Yi-Shen-Hua-Shi (YSHS) granule is a traditional Chinese medicine (developed by Guangzhou Consun Pharmaceutical Co. Ltd) consisting of 16 herbs, namely: Ginseng Redix et Rhizoma, Astragali Radix, Atractylodis Macrocephalae Rhizoma, Poria, Alismatis Rhizoma, Pinelliae Rhizoma Praeparatum Cum Alumine, Notopterygii Rhizoma et Radix, Angelicae Pubescentis Radix, Saposhnikoviae Radix, Bupleuri Radix, Copidis Rhizoma, Paeoniae Radix Alba, Citri Reticulatae Pericarpium, Glycyrrhizae Radix et Rhizoma praeparata Cum Melle, Zingiberis Rhizoma Recens and Jujubae Fructus. The drug has previously been shown to be effective in restoring renal function, reducing dampness, and improving edema. According to the instructions, chronic glomerulonephritis patients with serum creatinine < 2 mg/dL are also recommended. The granule has been reported to improve chronic glomerulonephritis in a rat model (Zhao et al. Citation2019), improve podocyte injury, and alleviate the progression of diabetic nephropathy (Liang et al. Citation2022). However, the precise mechanism by which YSHS granules reduce proteinuria remains unclear.
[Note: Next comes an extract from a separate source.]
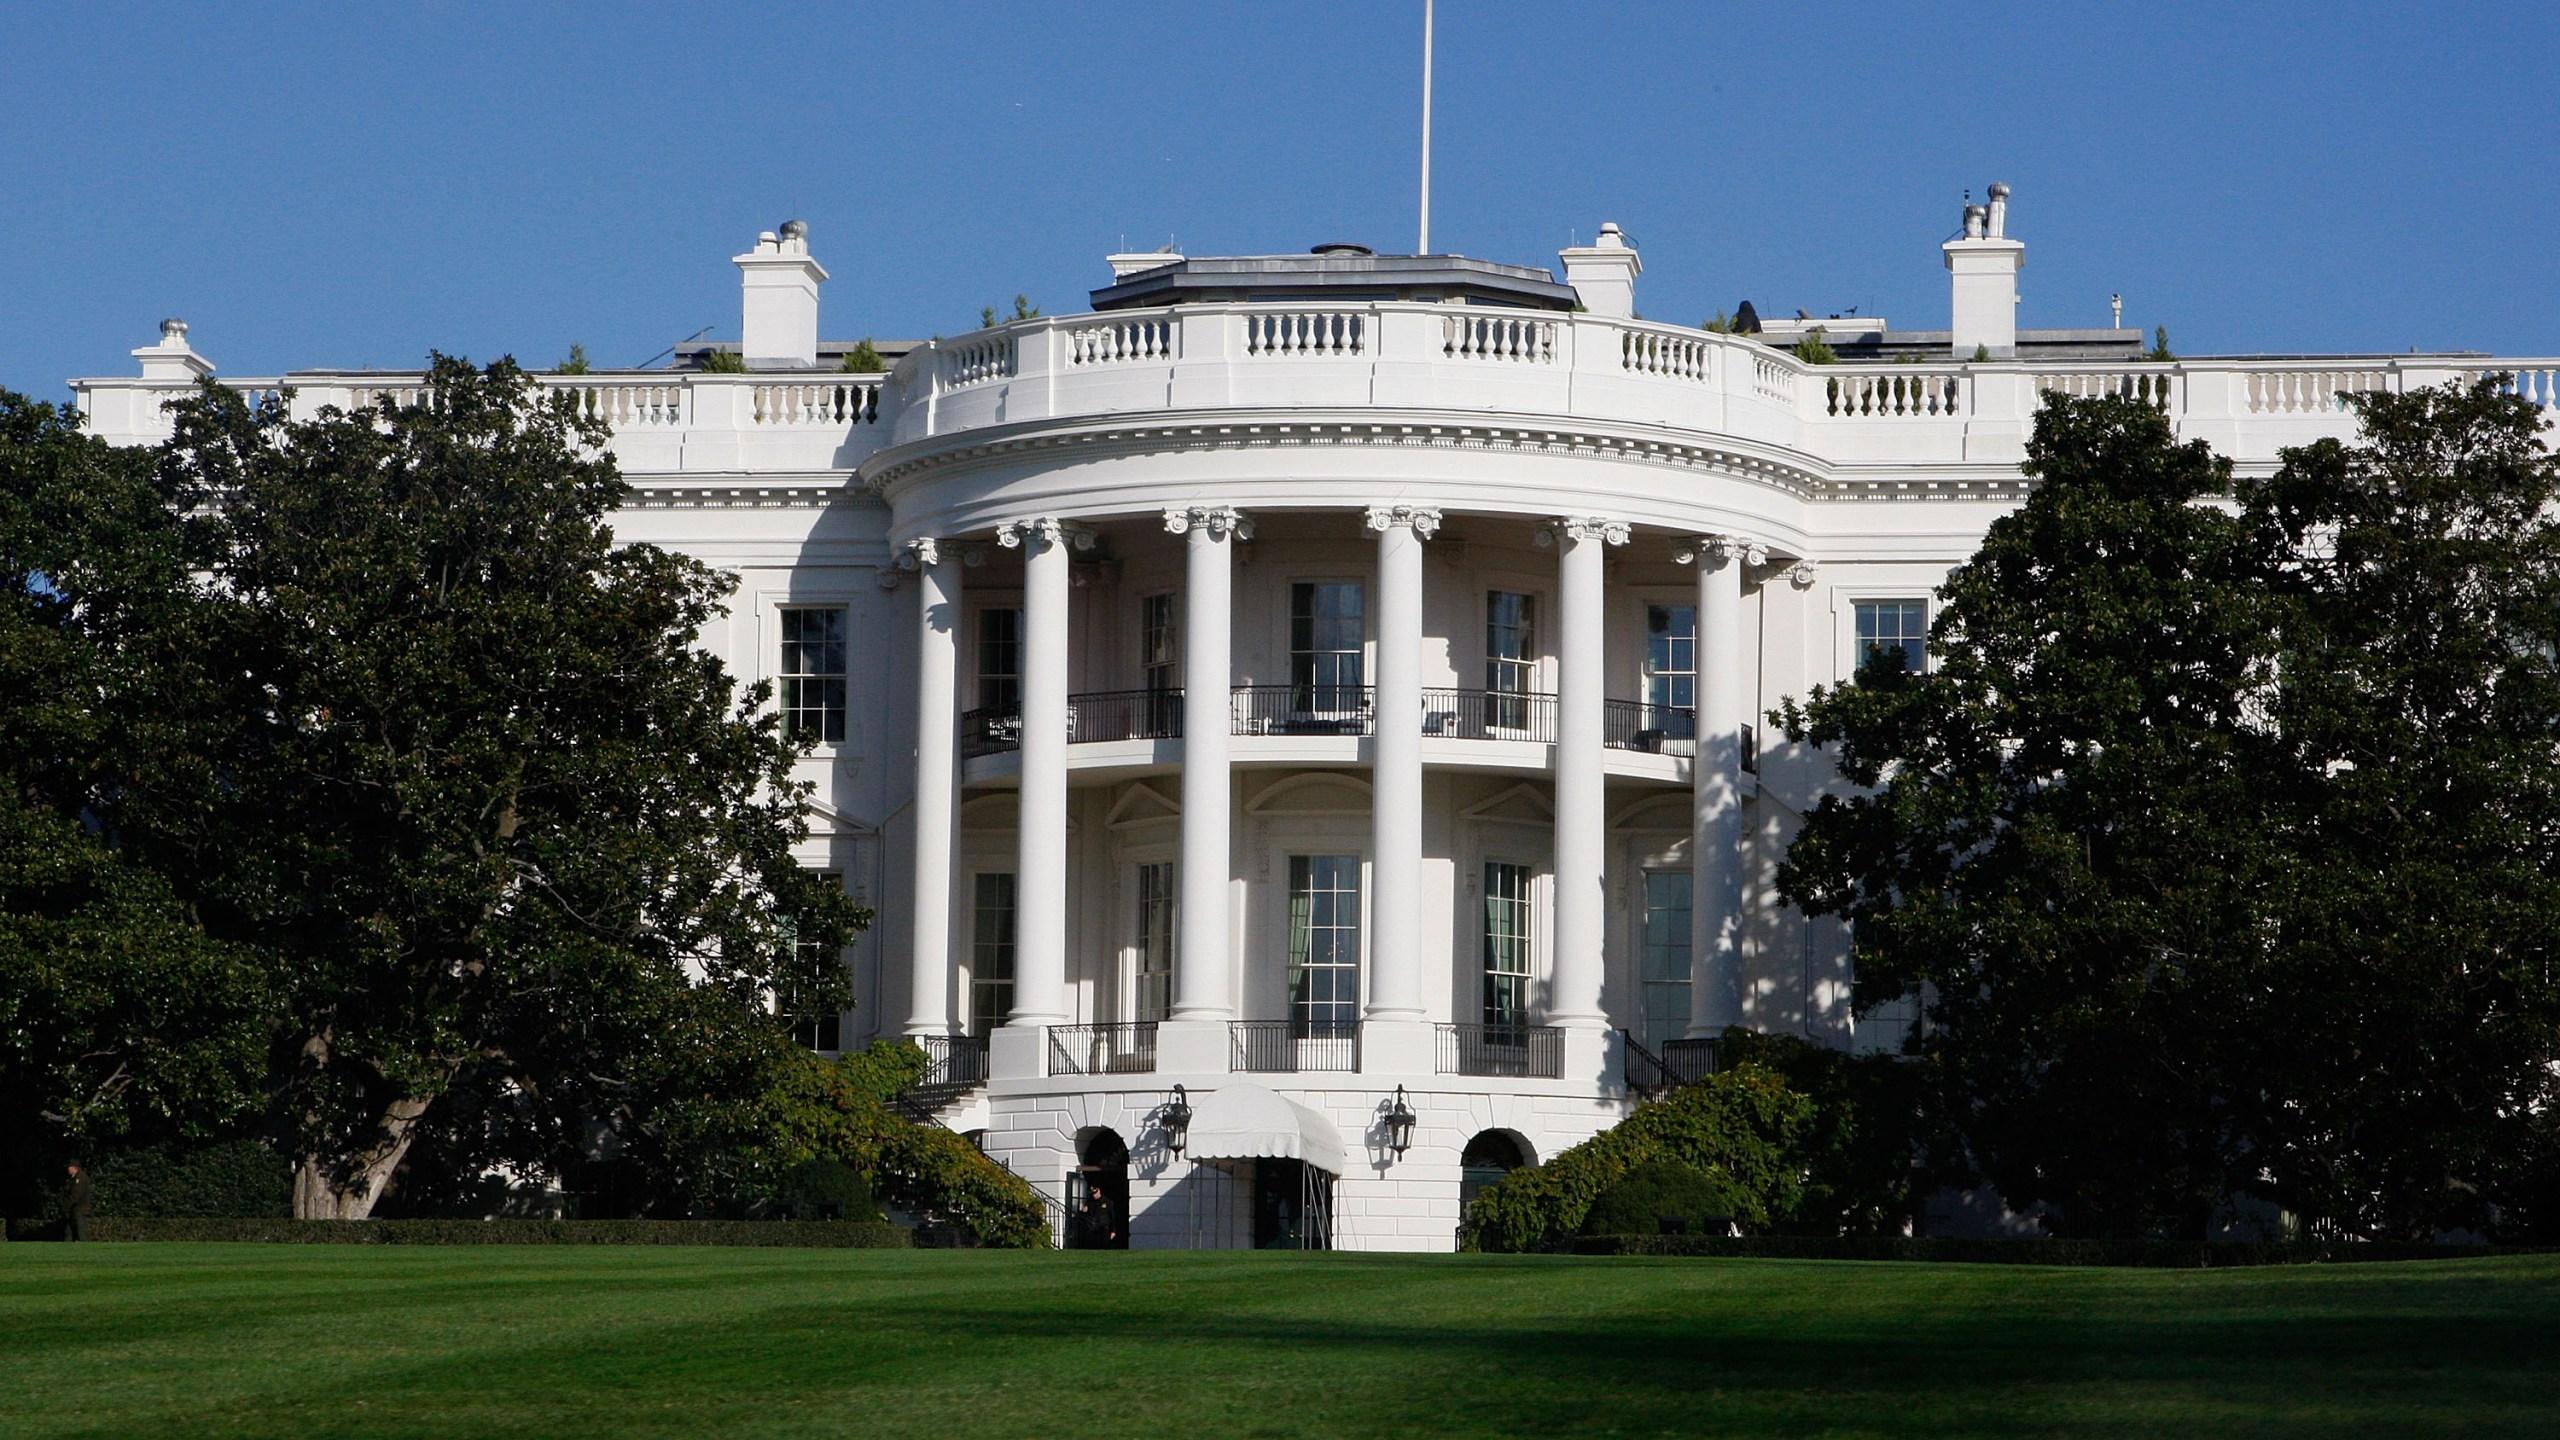 White House_460089

This study explored whether the YSHS granule could improve proteinuria and clinical manifestations in CKD patients by regulating intestinal microecology.

Methods

Study design and participants

We conducted a single-center, randomized controlled trial (RCT) with 120 non-dialysis CKD patients in the Nephrology Department of Xuanwu Hospital, Capital Medical University, from March 2021 to October 2022. The inclusion criteria were patients aged >18 years with an estimated glomerular filtration rate (eGFR) ≥ 45 mL/min/1.73 m2 and 24-h proteinuria > 0.5 g. All patients had received treatment with the renin-angiotensin-aldosterone system (RAAS) inhibitor for more than 8 weeks. Exclusion criteria included patients with a history of antibiotic or probiotic use within 3 months, severe infection, systemic diseases (i.e., malignancy, autoimmune diseases, liver or heart diseases), recent surgeries, urinary tract obstruction, pregnancy, participation in other clinical trials within 3 months, known allergies to investigational medications or other inappropriate conditions.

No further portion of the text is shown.